Biden’s team is working to craft a coronavirus relief package that will include new stimulus checks, extended unemployment benefits and more, according to the Washington Post. The president-elect will also likely push for additional funding for vaccine distribution and funding to help states and cities, the report says.

Manchin, a moderate, is expected to hold a crucial vote as Democrats control the Senate in a 50-50 split with Republicans, with Vice President-elect Kamala Harris serving as the tie-breaker.

Biden wants to pass a new relief package quickly after he takes office on January 20, and earlier this week promised Georgia voters that they can expect to receive a $2,000 stimulus check if both Democratic U.S. Senate candidates won their elections, which they did.

“If you send Jon and the reverend to Washington, those $2,000 checks will go out the door restoring hope and decency and honor for so many people who are struggling right now,” Biden said at a rally for the Democrats in Atlanta.

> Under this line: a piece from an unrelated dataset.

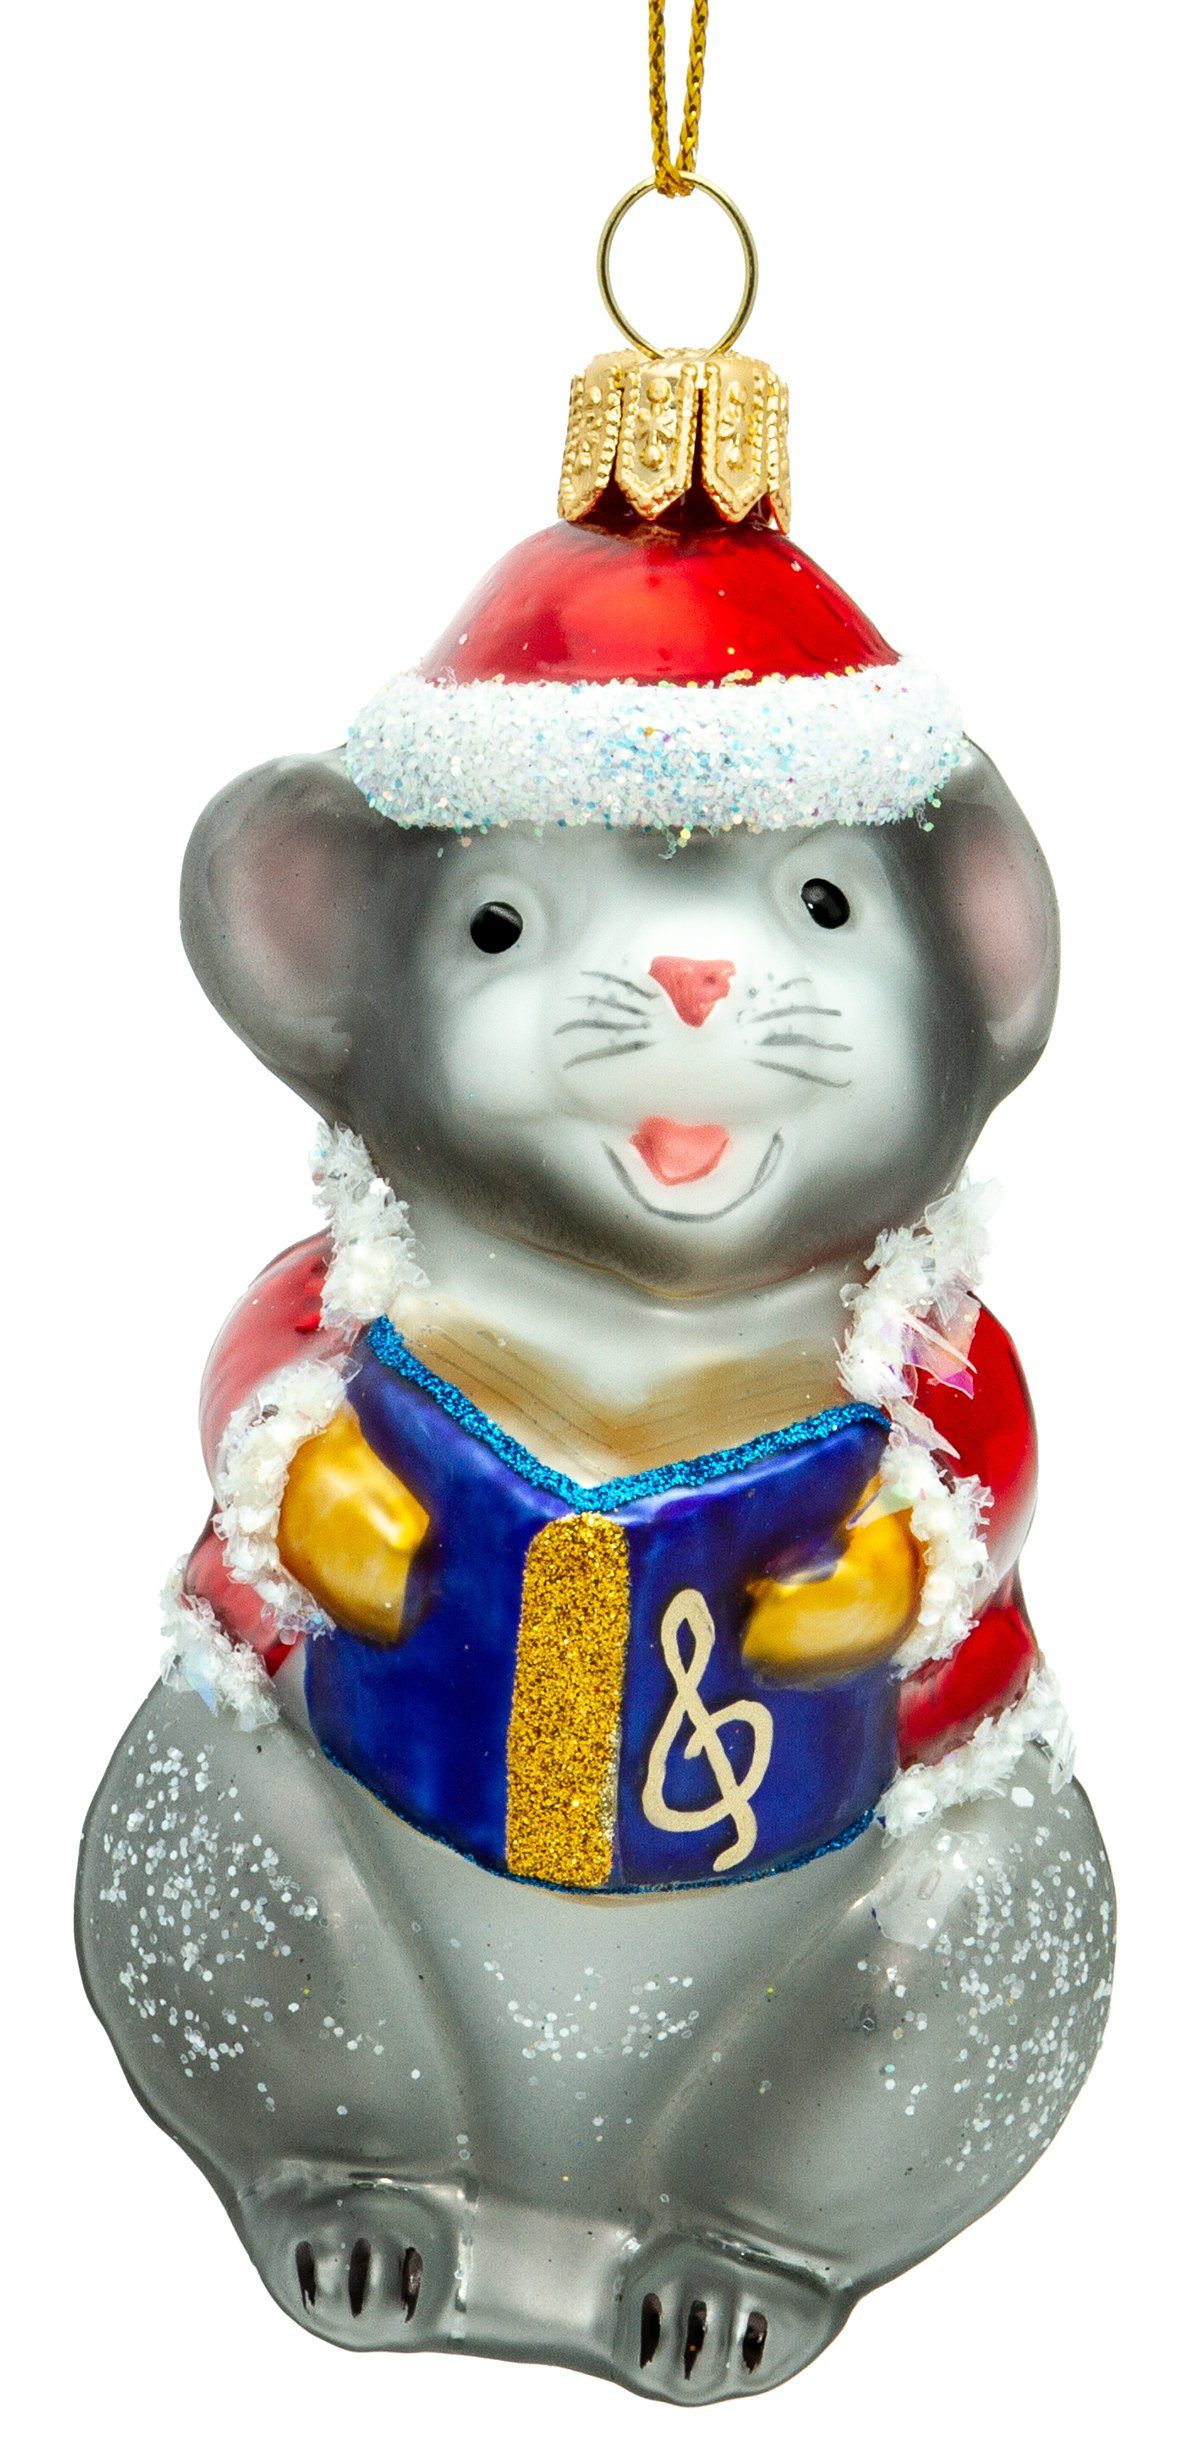 SIKORA Christbaumschmuck »BS722 singende Maus mit Weihnachtsmütze Glas  Figur Weihnachtsbaum Anhänger - Premium Line« online kaufen | OTTO

After Jon Ossoff and Reverend Raphael Warnock won their races earlier this week, incoming Senate Majority Leader Chuck Schumer (D., N.Y.) also promised that the $2,000 checks would be a top priority.

However, if Biden and Schumer lose even one Democratic vote they may struggle to pass legislation under special Senate rules that allow bills to pass with a simple majority, rather than the 60 vote margin generally needed.

While some Republicans have come out in favor of the $2,000 stimulus payments, it is unlikely GOP lawmakers would support other facets of Biden’s new plan, including extending unemployment benefits.